PHP type hinting is being ignored, no TypeError exception is thrown

Question

I just debugged some PHP 7.1 code where I'd forgotten to remove a (bool) cast on the return value, but the function had a declared return type of int:

function get_foo(): int {
    $val = get_option('foo');
    return (bool) $val;
}

$foo = get_foo();

Test the code here.

It's easy to cast between bool and int, of course, but why didn't this throw a TypeError?

There are three scenarios where a TypeError may be thrown. ... The second is where a value being returned from a function does not match the declared function return type.

The same behaviour is exhibited for typed function parameters.
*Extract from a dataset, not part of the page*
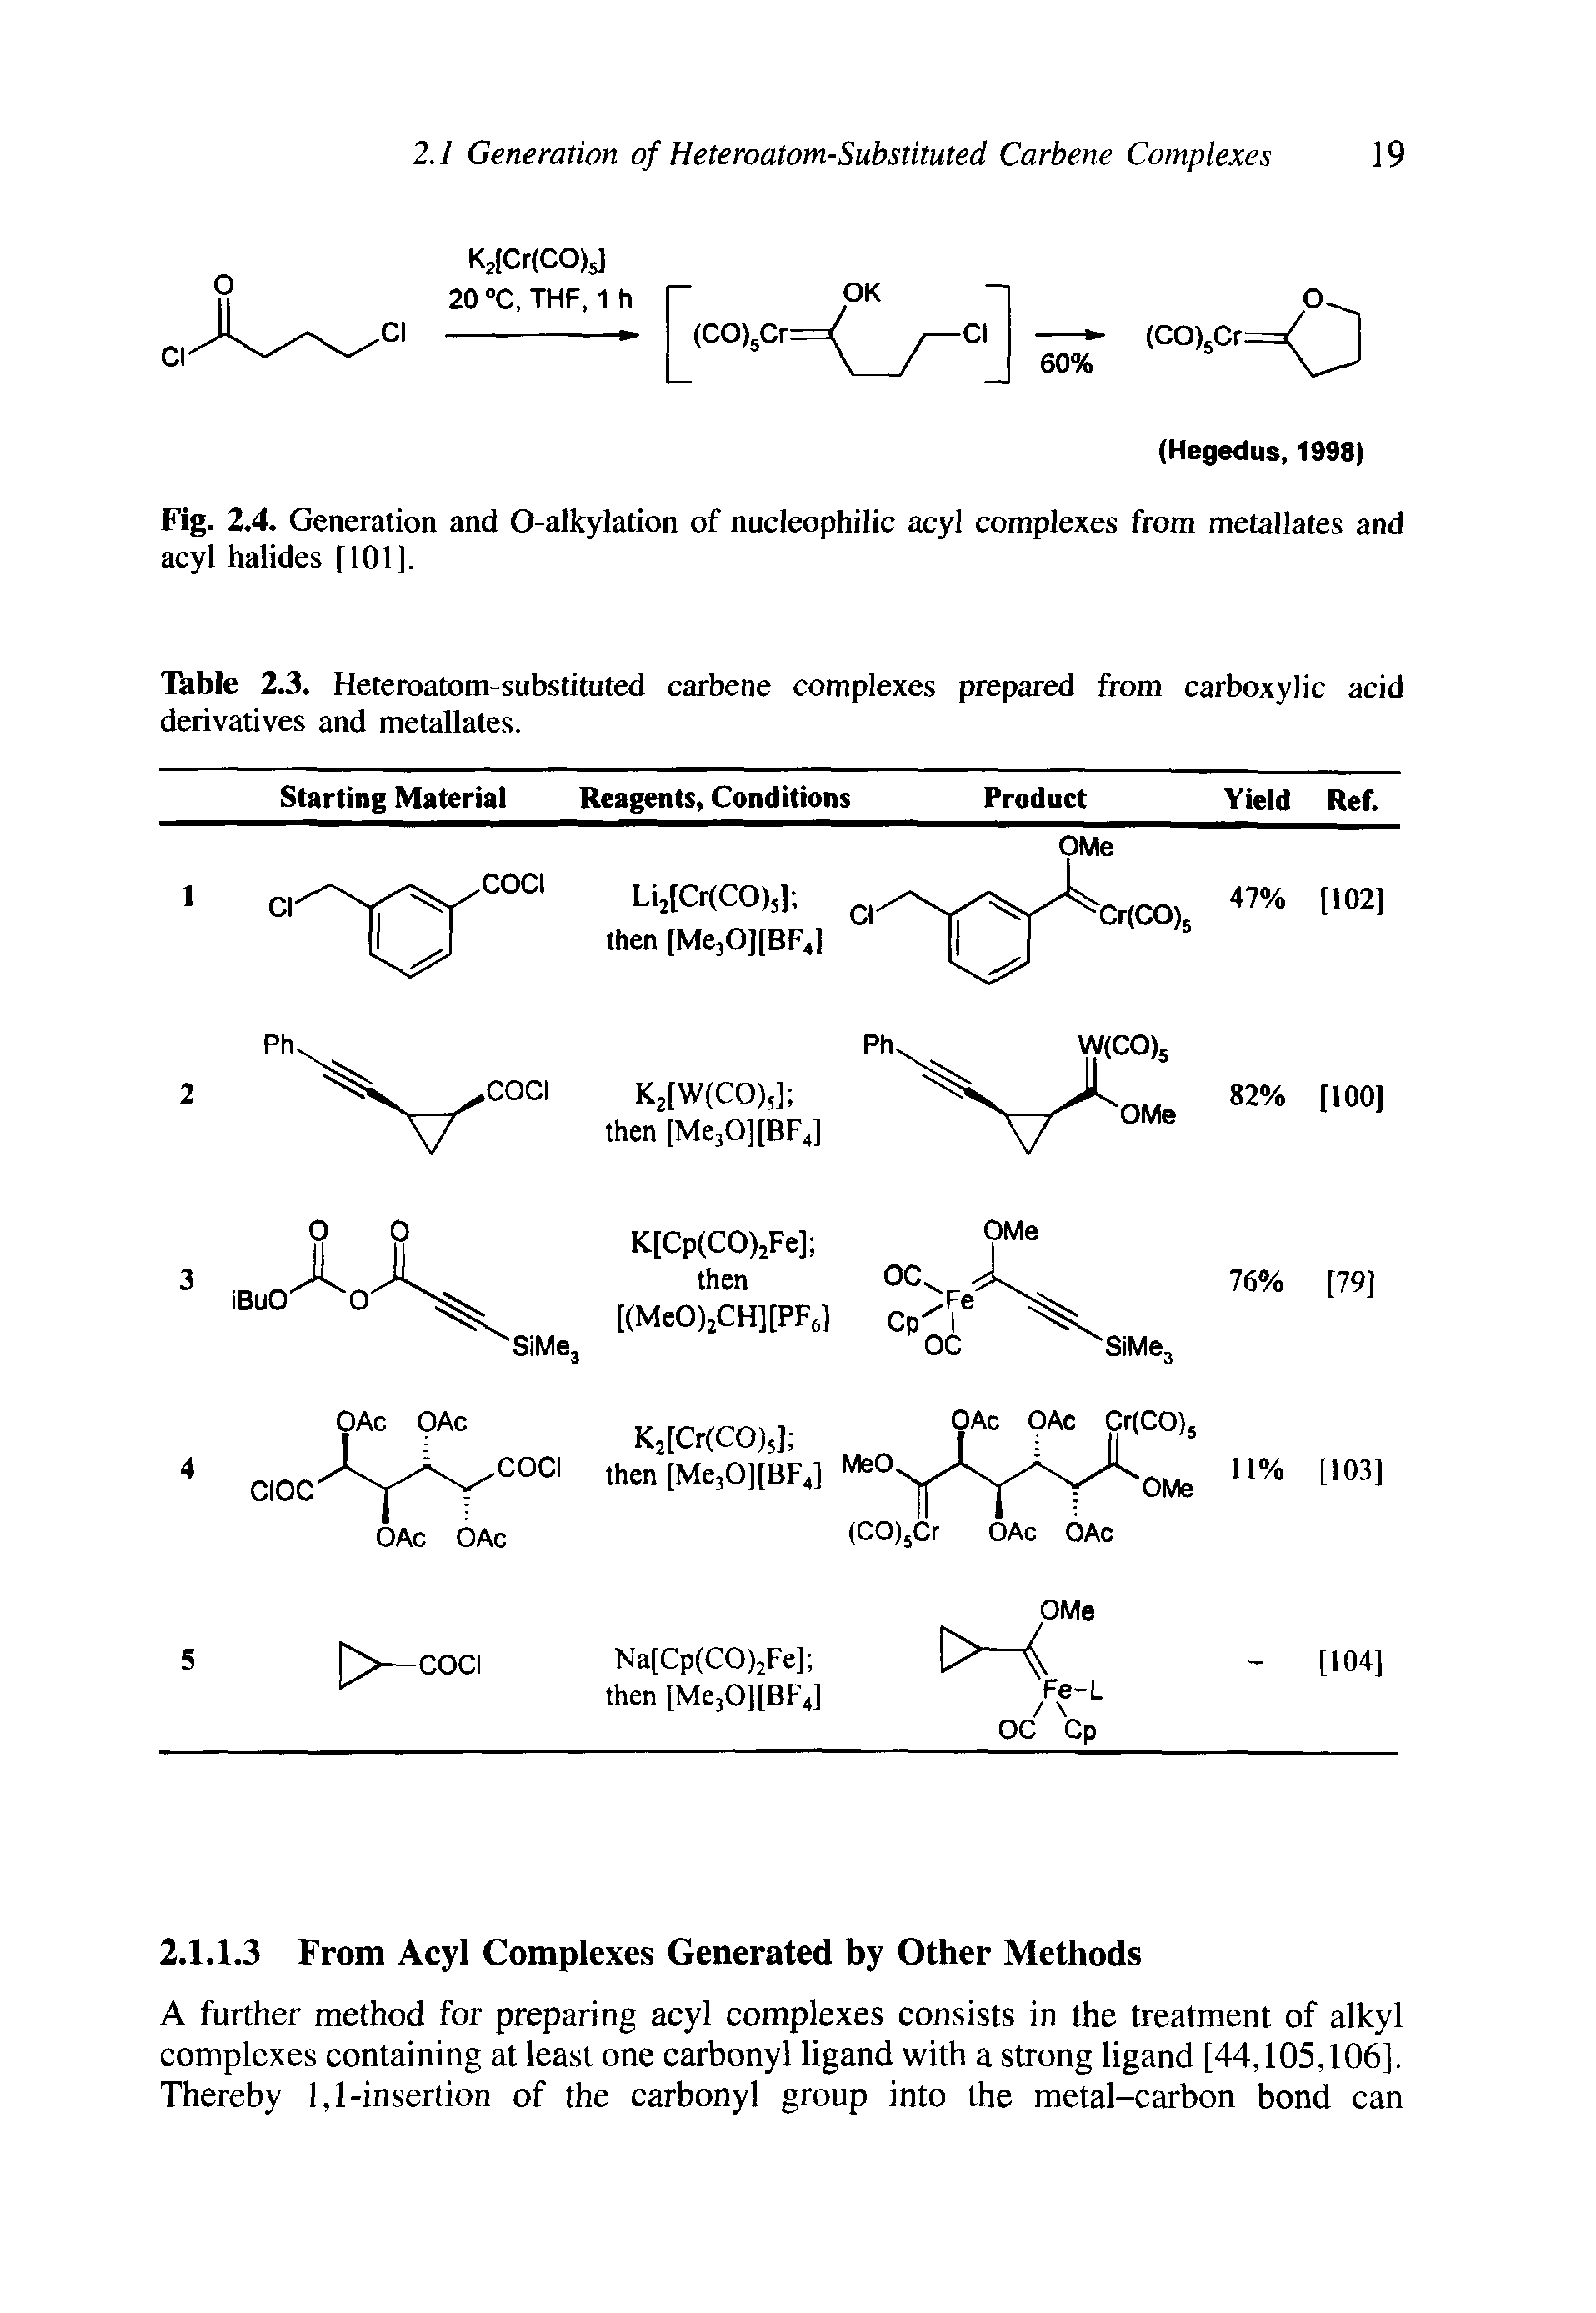 Fig. 2.4. Generation and O-alkylation of nucleophilic acyl complexes from metallates and acyl halides [101].

function get_foo(string $foo): int {
    $val = get_option($foo);
    return (bool) $val;
}

// no TypeError!
$foo = get_foo(34);

Answer 1

You need to add the strict_types directive for type hinting to work properly

Quoting from PHP 7 New Features

To enable strict mode, a single declare directive must be placed at the top of the file. This means that the strictness of typing for scalars is configured on a per-file basis. This directive not only affects the type declarations of parameters, but also a function's return type (see return type declarations, built-in PHP functions, and functions from loaded extensions.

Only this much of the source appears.